Let’s turn our attention to the Venator type. As I noted earlier it is profiled as the “heavier” of the two with the ability to bolster your anti-tank arsenal with a heavy weapon-mounted turret of two kinds. The Venator comes stock with a twin-linked multilaser which can be switched out for a twin-linked lascannon. This brings the total cost up to either 60 or 75 points which is a bit on the high end considering what similar vehicles from other factions can bring. Comparing it to a Landspeeder gives a rough idea of the direction the game has taken since the Elysians got their own armylist.
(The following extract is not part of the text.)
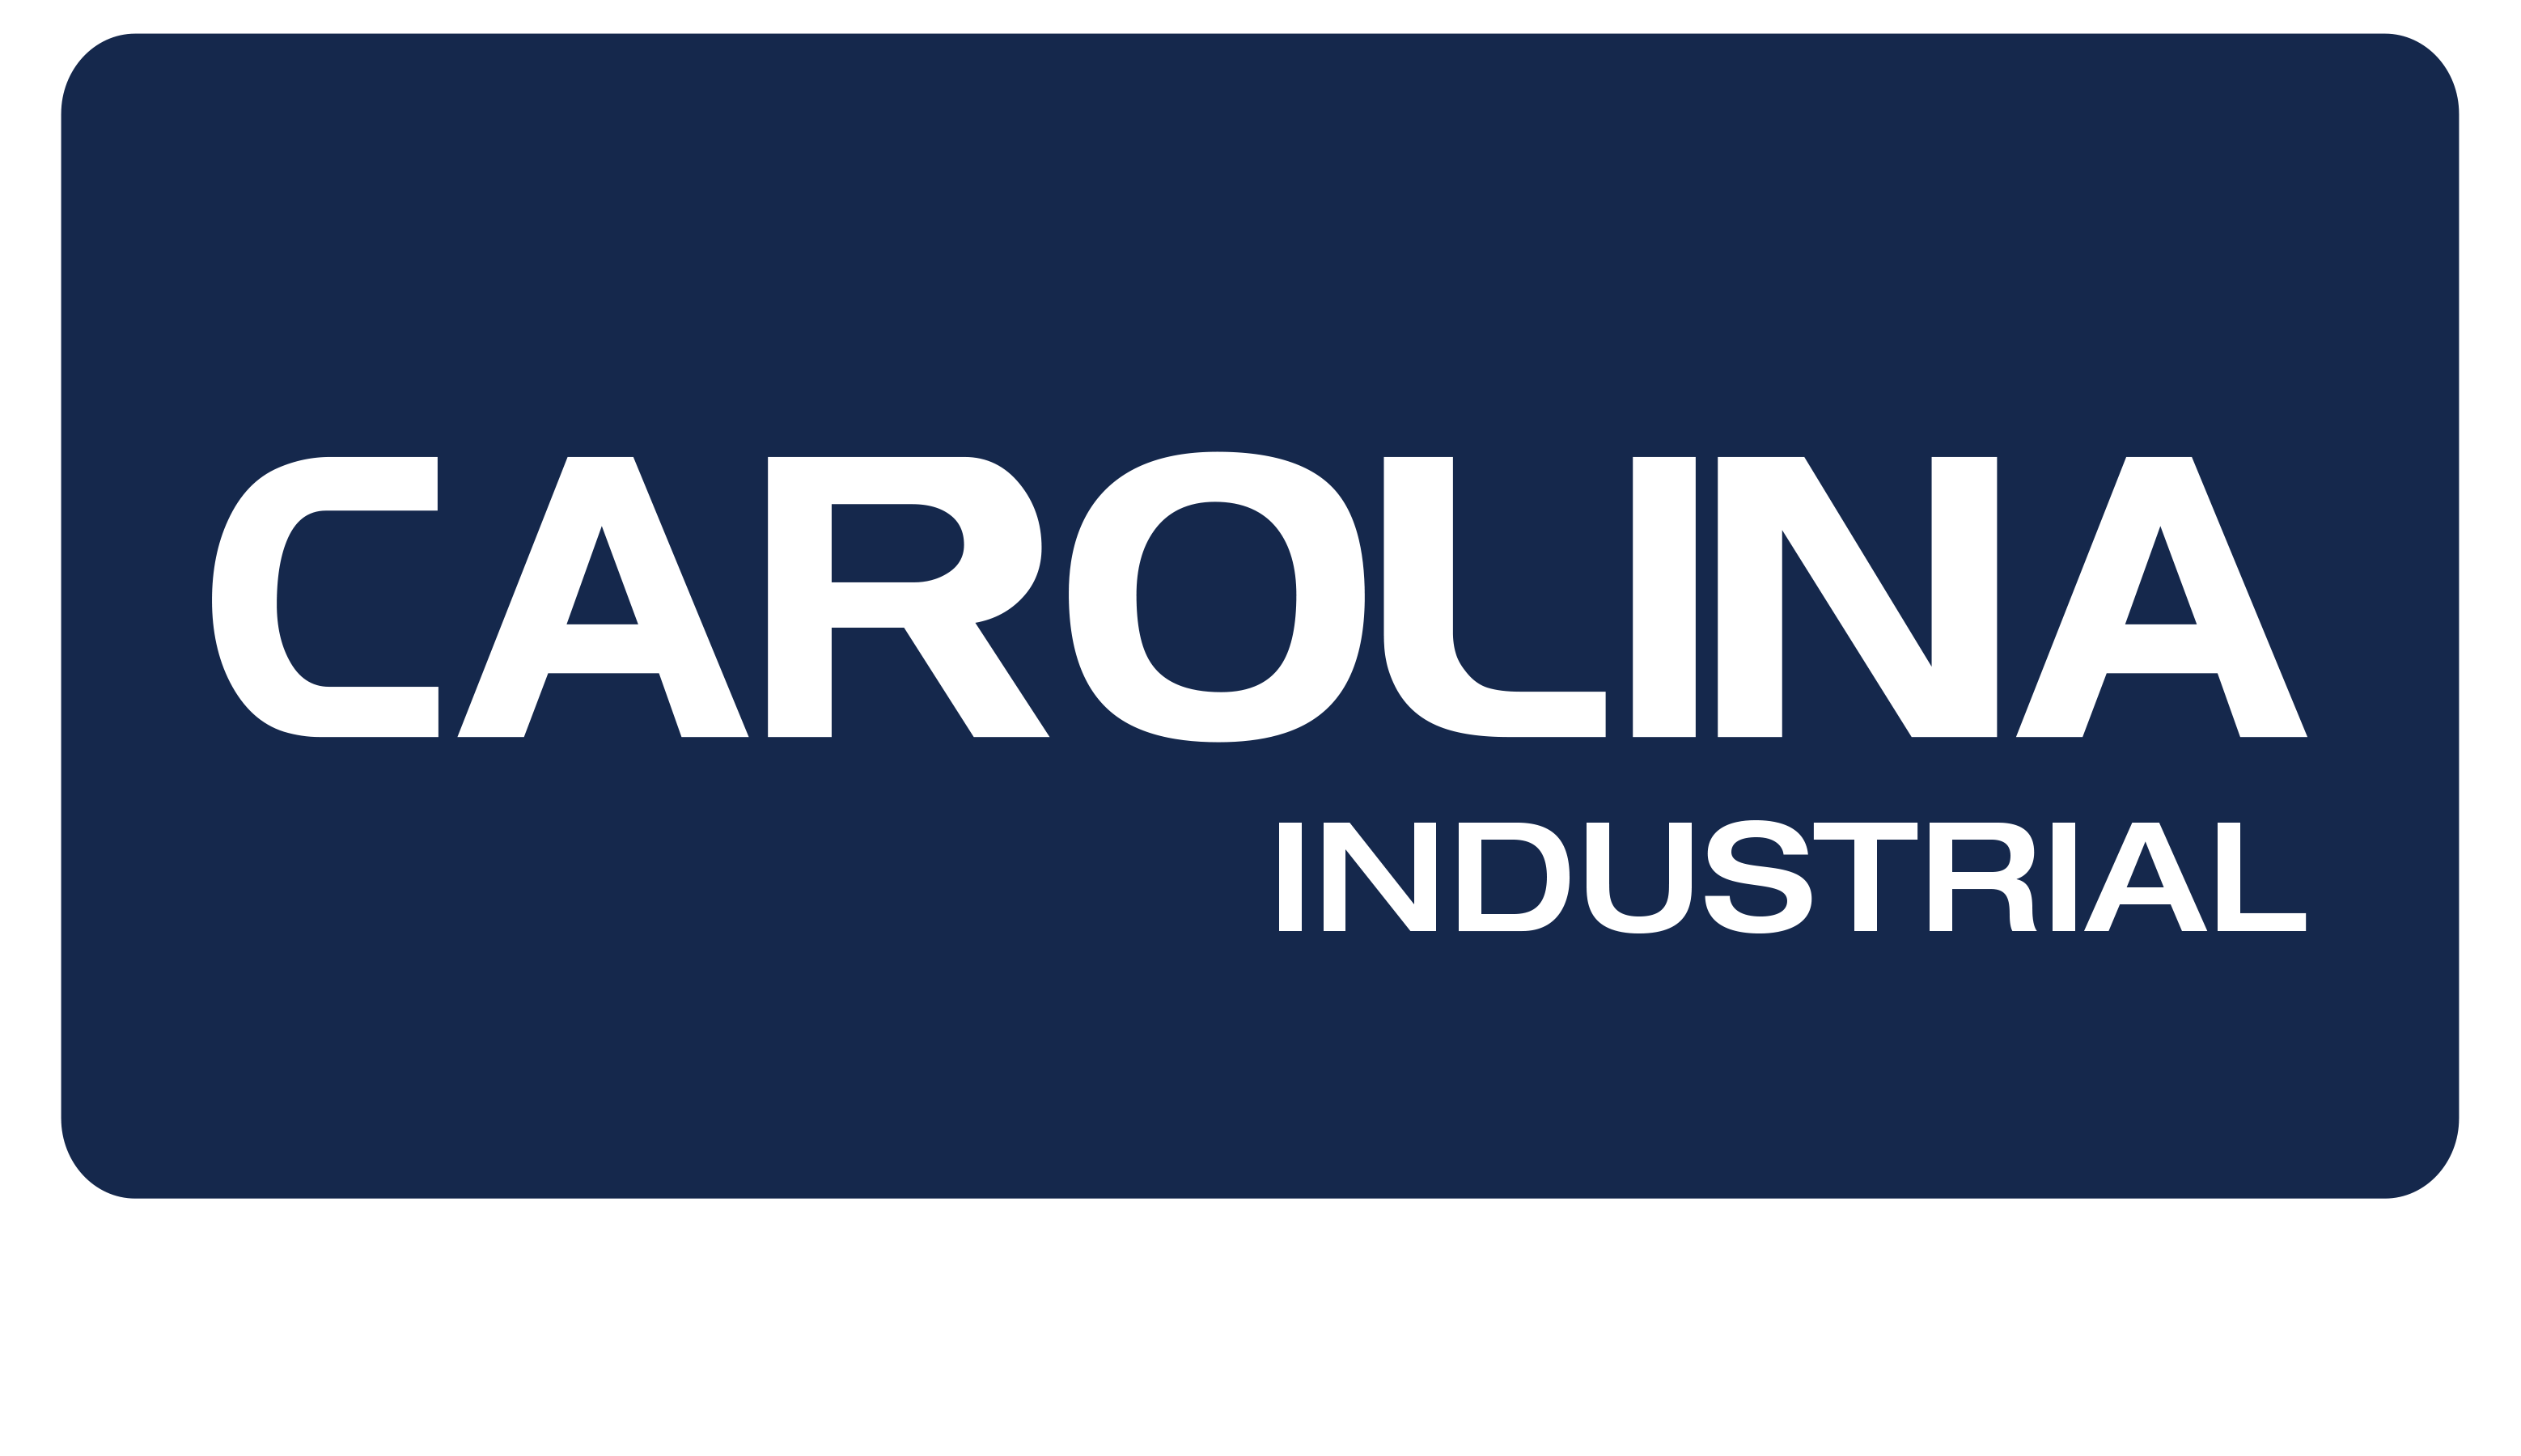 Carolina Industrial

A landspeeder can cover more ground to utilize its two multimeltas for 70 points which places it in a somewhat similar combat role. I’m not saying the Venator should cost less than a Landspeeder but it would help if the two optional hunter killer missiles didn’t cost 10 points per shot…
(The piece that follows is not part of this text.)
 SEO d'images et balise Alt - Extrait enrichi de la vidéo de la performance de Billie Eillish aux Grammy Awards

The Venator should be used with care as you pay roughly the cost of a veteran squad to field one. You are allowed to mix and match the two types in a squadron but mixing Assault and Venator types within a unit should be avoided. These vehicles have a specific task and every turn you don’t use them is a waste of valuable points. Getting a “cheap” squad with three twin-linked multilasers arriving from reserves is a viable way of threatening the rear and side armor of enemy tanks. I haven’t tried this tactic yet as I don’t own enough Venators for it to be efficient. I would suggest not buying the HKM’s as they are only hitting on 4+ meaning that you average one missile hit for 20 points of one use upgrades.
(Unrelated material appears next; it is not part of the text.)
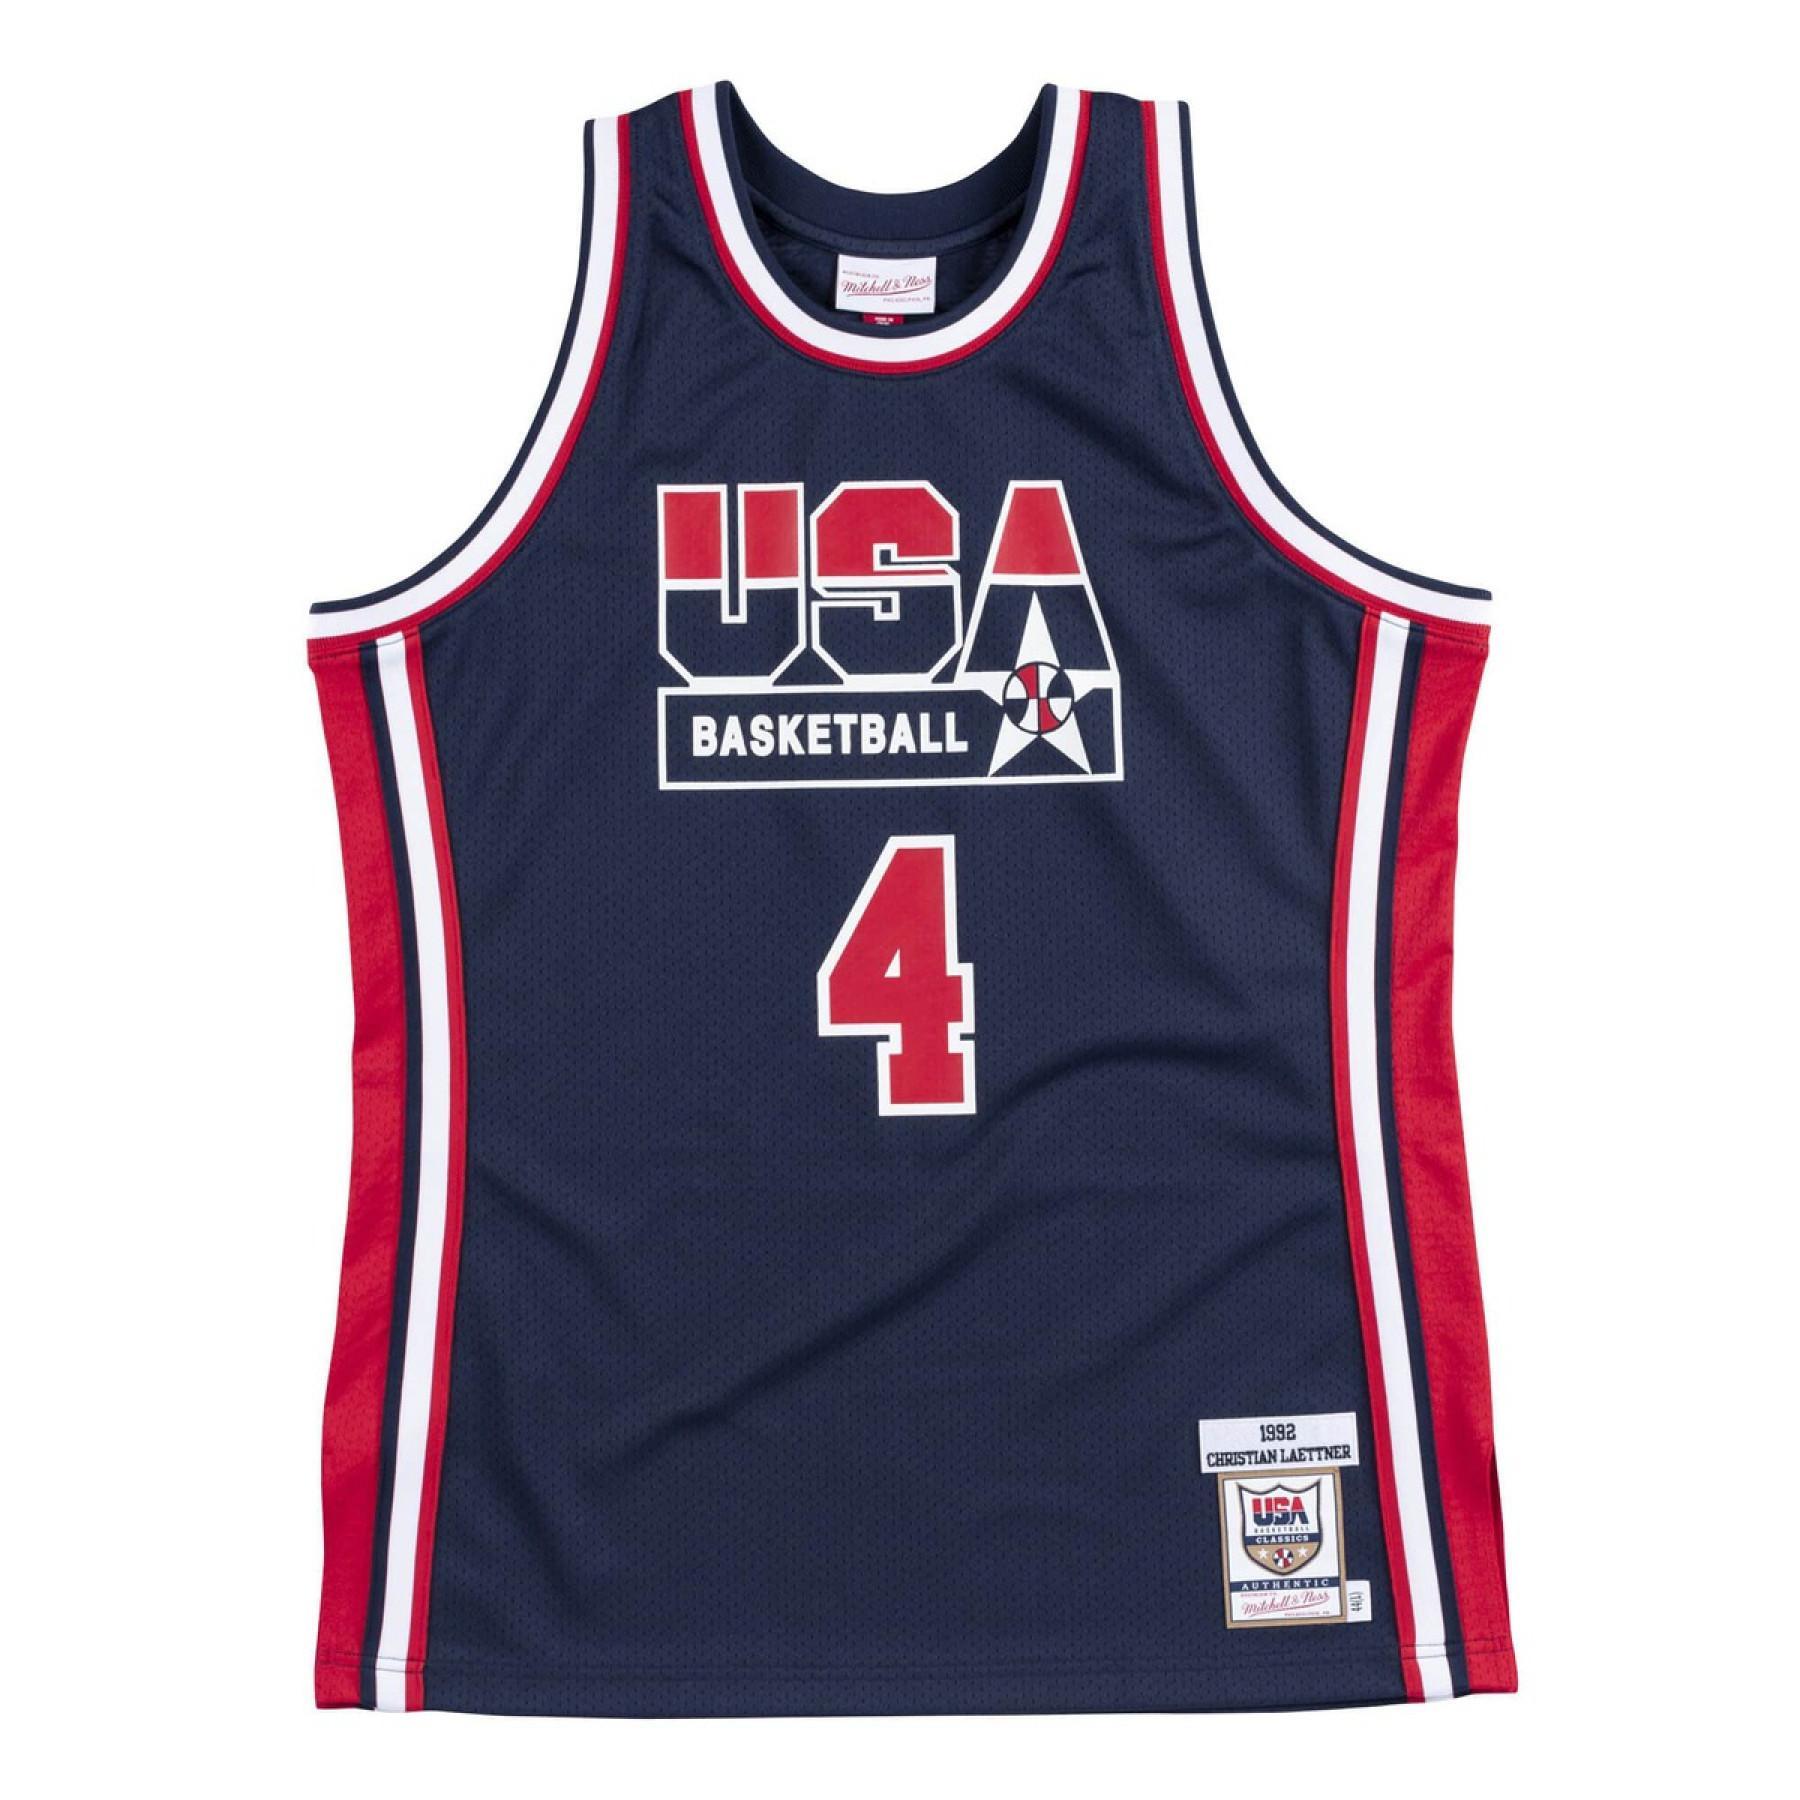 Autentyczna koszulka drużyny USA nba Christian Laettner

The other way to use the Venator is to go full monty and buy the lascannons. You could either go for a squadron of two or two single squads of one Venator each here. It really depends on your local meta, how much armor, and how many hull points you generally face off against. Since the Elysians lack the ability to field lascannon teams or Sentinels, I think the best way to make sure you get your points worth of shots before turn six is to deploy them on the field to avoid waiting for reserves that may not turn up on time. Being fast all-terrain vehicles the Venators are fairly simple to hide from incomming fire should you go second, only to get out of cover and into a good firing position on your turn. Try not to expose them to too many threats though as the last thing you want to is to get baited into taking a shot at a juicy target only to get blown sky high from returning fire. Avoid duels with Predators and other vehicles that can out-shoot you unless you have good cover. With a bit of luck, night fighting and a low wall you might be able to put two lascannon shots through a Predator before you have to disengage. Remember that the main gun is turret mounted which allows you to face on threat and fire at another. I never buy the HKM’s as they bring the total price up to almost a hundred, but if you have the extra points go for it. You are commited anyway if you field the Venators as your only long range anti-tank.